The main design principle is: If anything can run in user space on a mobile device, it runs in user space.
Linux, however, does not have sandboxing and the Bluetooth daemon simply runs as root. The kernel is responsible for all the chip and protocol flavors. Even protocols like BNEP (Bluetooth tethering to share an Internet connection between two devices) are fully implemented in the kernel. If there's nothing to separate in terms of privileges, just put it all into the kernel...

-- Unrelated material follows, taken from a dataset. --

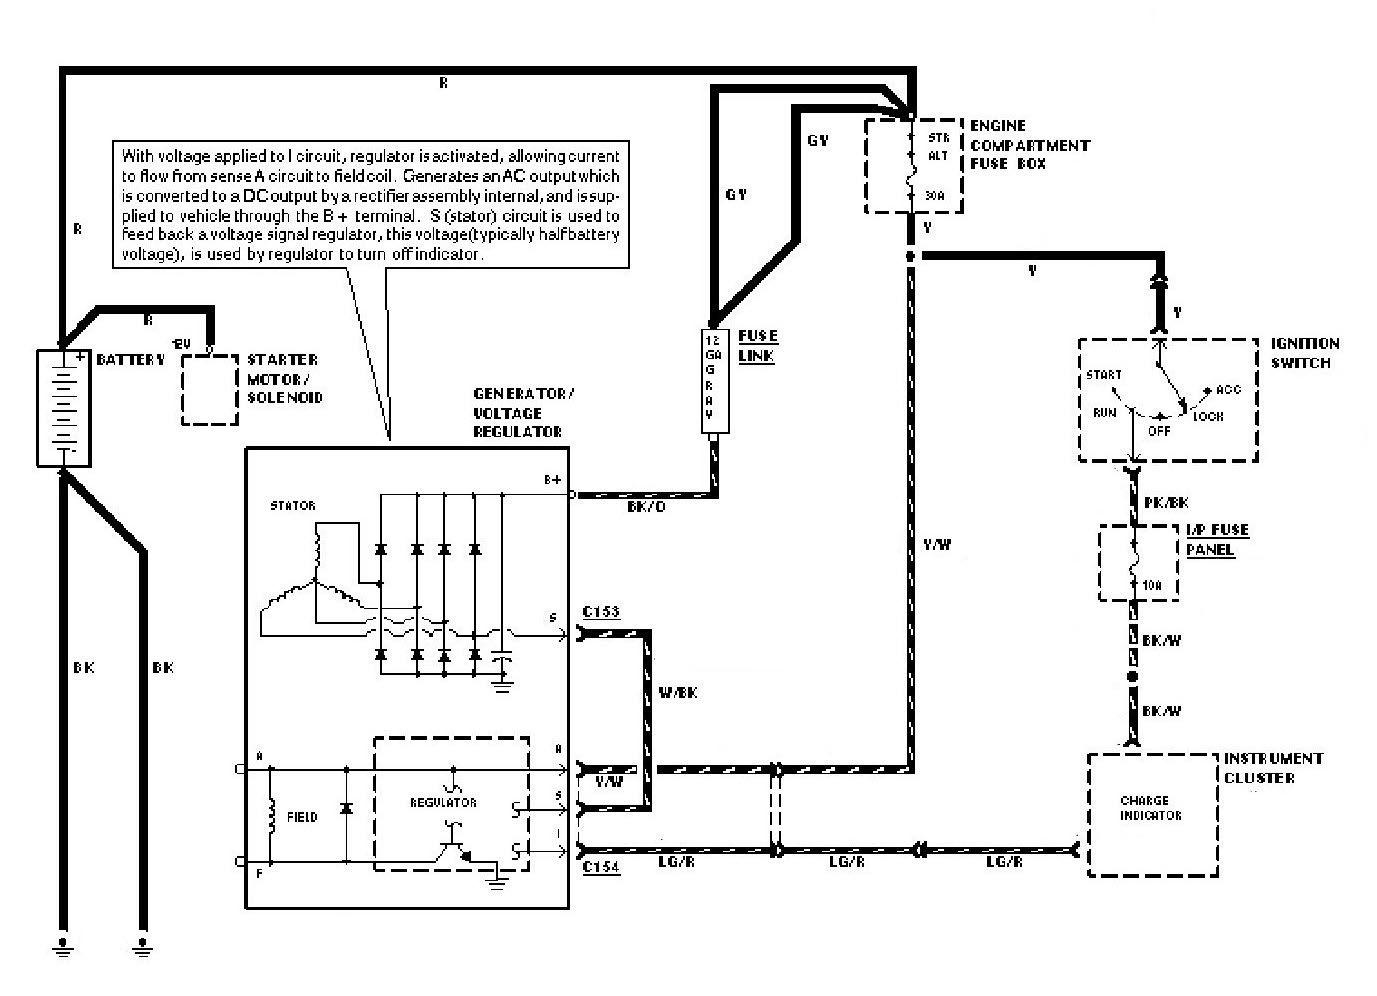 Wiring Diagram Internal Regulator Alternator | alternator | Pinterest

(Pro tip: use the hostname honeypot when enabling Bluetooth on Linux to prevent being hacked :D Given the fact that Raspberry Pis ran out of Patchram slots years ago and any parsing issue within the Bluetooth kernel module or the Bluetooth daemon could lead to a full system compromise, that's the only reasonable action...)
The BlueZ stack abstracts everything into the opposite direction. It uses a management interface, exposed to the user space. Opening a Bluetooth management socket requires special privileges. The Linux Bluetooth daemon uses this management interface to communicate information to the kernel. For example, on initialization of bluetoothd, it loads various information from /var/lib/bluetooth/ and sends this via the management interface using routines like load_devices. You can find a generic BlueZ overview and a BLE overview in presentations.
The corresponding part on the kernel is separated into protocol components (/net/bluetooth/) and device components (/drivers/bluetooth/).
Protocols include HCI, which is a standardized interface to communicate with a Bluetooth chip (controller) via an operating system (host). However, even upper layer protocols like BNEP (tethering), SCO (headsets) and more are implemented in the kernel.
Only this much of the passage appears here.